● What the exercise asks: Only the lines from the one holding "Follow me @thevegrecipebook for more recipes." through the end of the records below are to be reproduced exactly, and pictures are to be omitted.

··· Records for this exercise

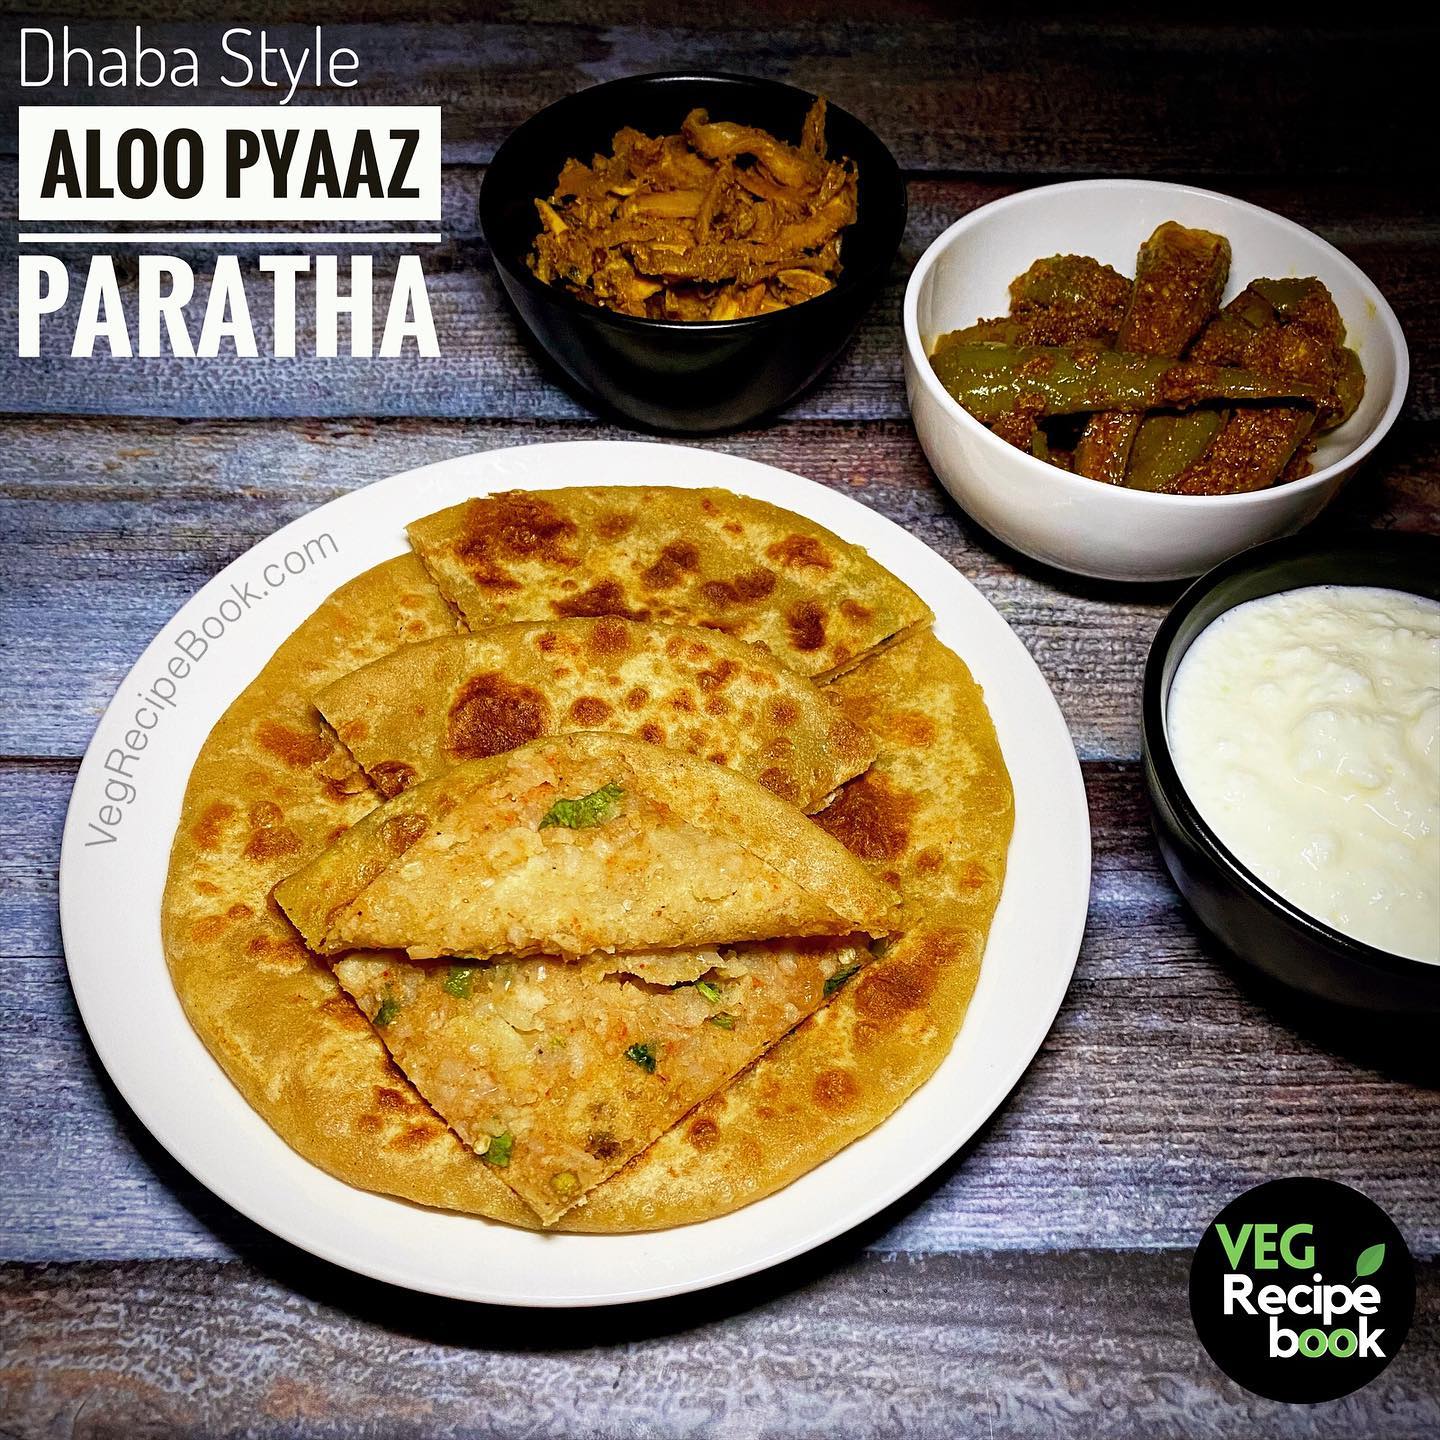 Aloo Pyaaz Paratha Recipe - Dhaba style😋 
Step by Step Recipe: https://vegrecipebook.com/aloo-pyaaz-paratha-recipe/ 
.
✅clickable recipe Link in Bio @thevegrecipebook 
.
.
Follow me @thevegrecipebook for more recipes.
.
.
#aloopyaazparantha #aloopyazparatha #stuffedparatha #aloopyajparatha #dhabafood #dhabastyle #aloopyaaz #paratha #parathas #paratharecipes #paratharecipe #vegrecipebook #itsmegrd #garuskitchen #easyrecipes #recipevideo #recipeshare #tandooriparatha #videorecipe #recipecreator #quickrecipes #homechef #homecooking #homemadeparatha #homemadefoodswithlove❤️ #cookingwithpassion #cookingvideos #hindirecipe #hindirecipes #foodvideo
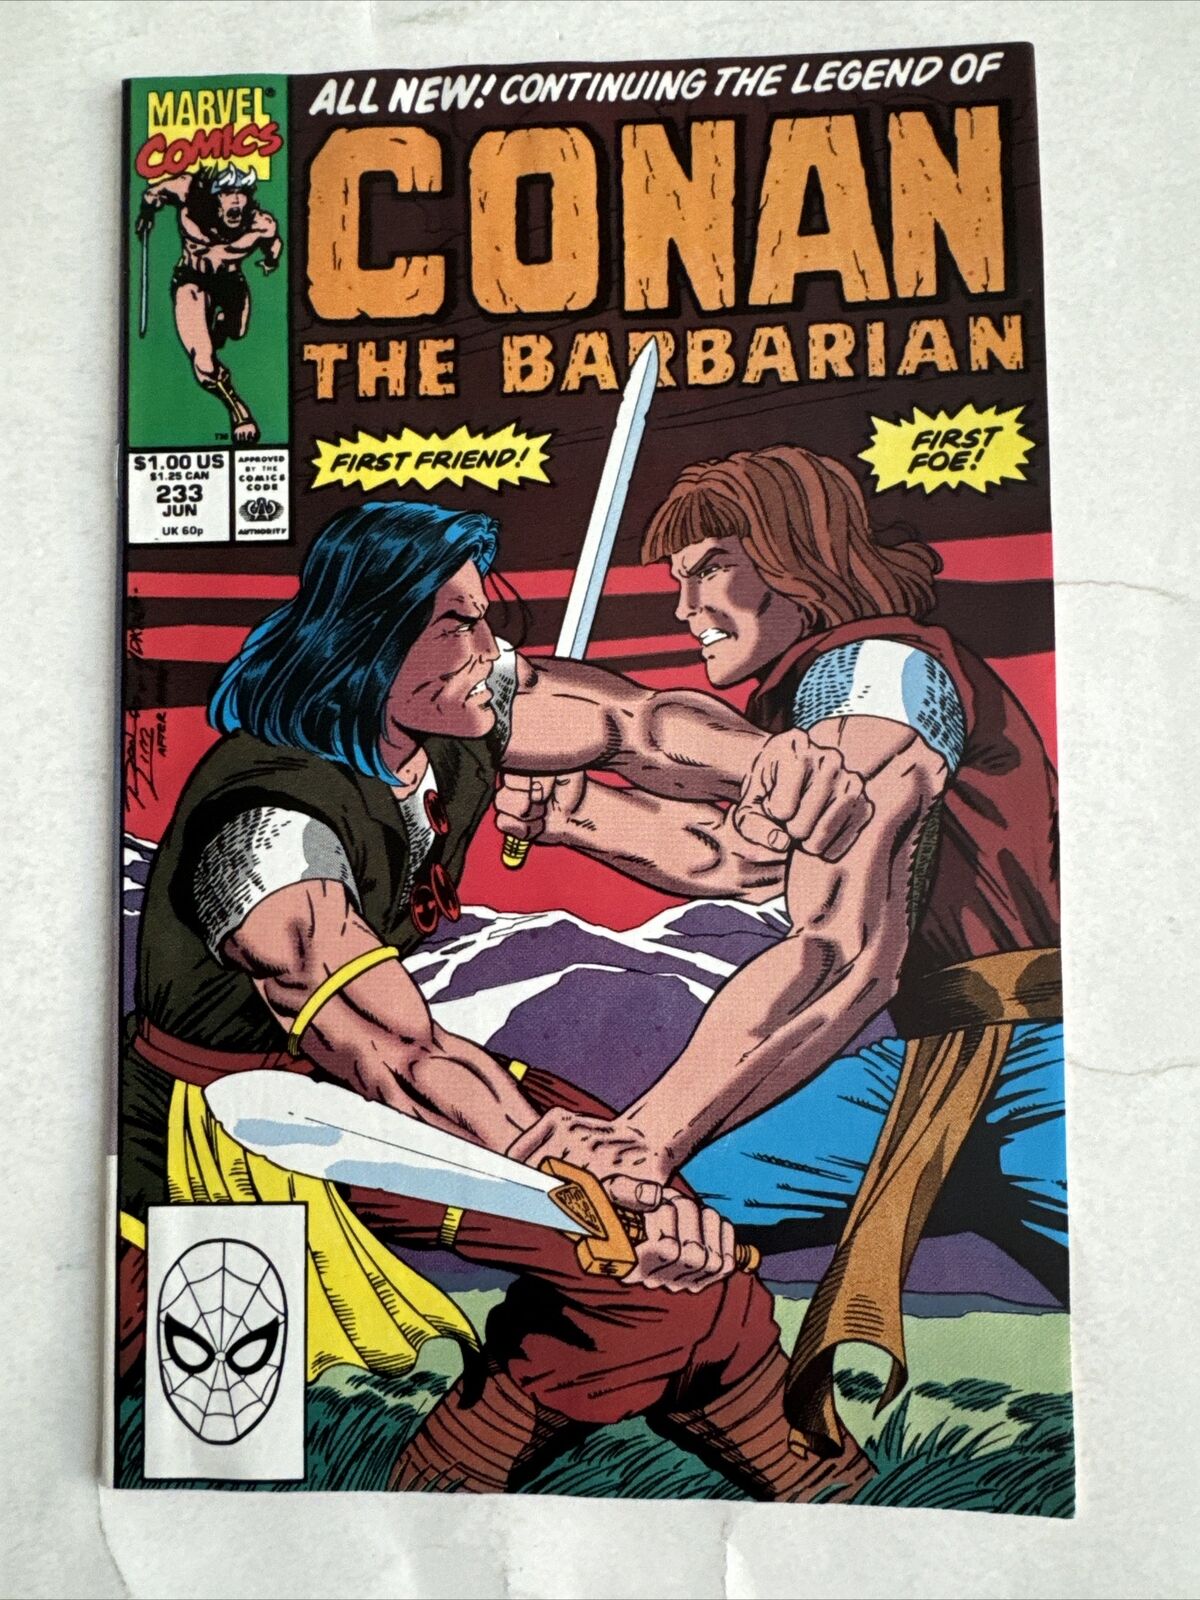 Conan the Barbarian Vol. 1 #233 Marvel Comics - Bagged & Boarded
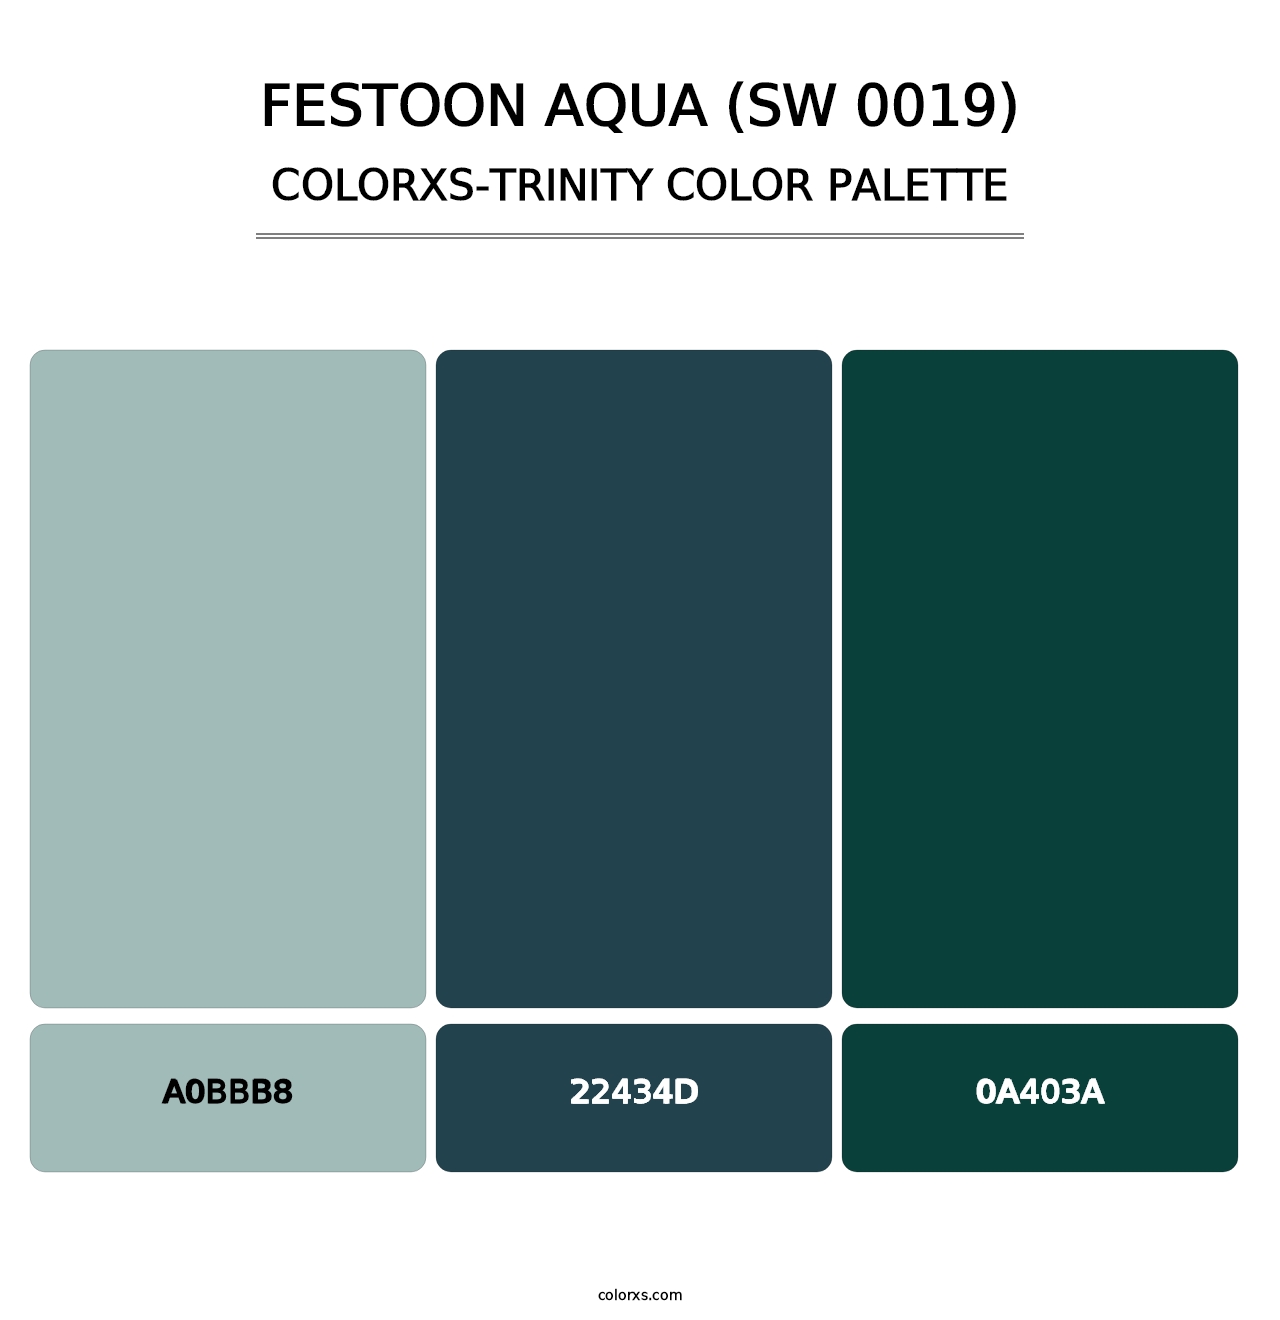 Festoon Aqua (SW 0019) - Colorxs Trinity Palette

······

● Answer section:
Follow me @thevegrecipebook for more recipes.
.
.
#aloopyaazparantha #aloopyazparatha #stuffedparatha #aloopyajparatha #dhabafood #dhabastyle #aloopyaaz #paratha #parathas #paratharecipes #paratharecipe #vegrecipebook #itsmegrd #garuskitchen #easyrecipes #recipevideo #recipeshare #tandooriparatha #videorecipe #recipecreator #quickrecipes #homechef #homecooking #homemadeparatha #homemadefoodswithlove❤️ #cookingwithpassion #cookingvideos #hindirecipe #hindirecipes #foodvideo
 Conan the Barbarian Vol. 1 #233 Marvel Comics - Bagged & Boarded
 Festoon Aqua (SW 0019) - Colorxs Trinity Palette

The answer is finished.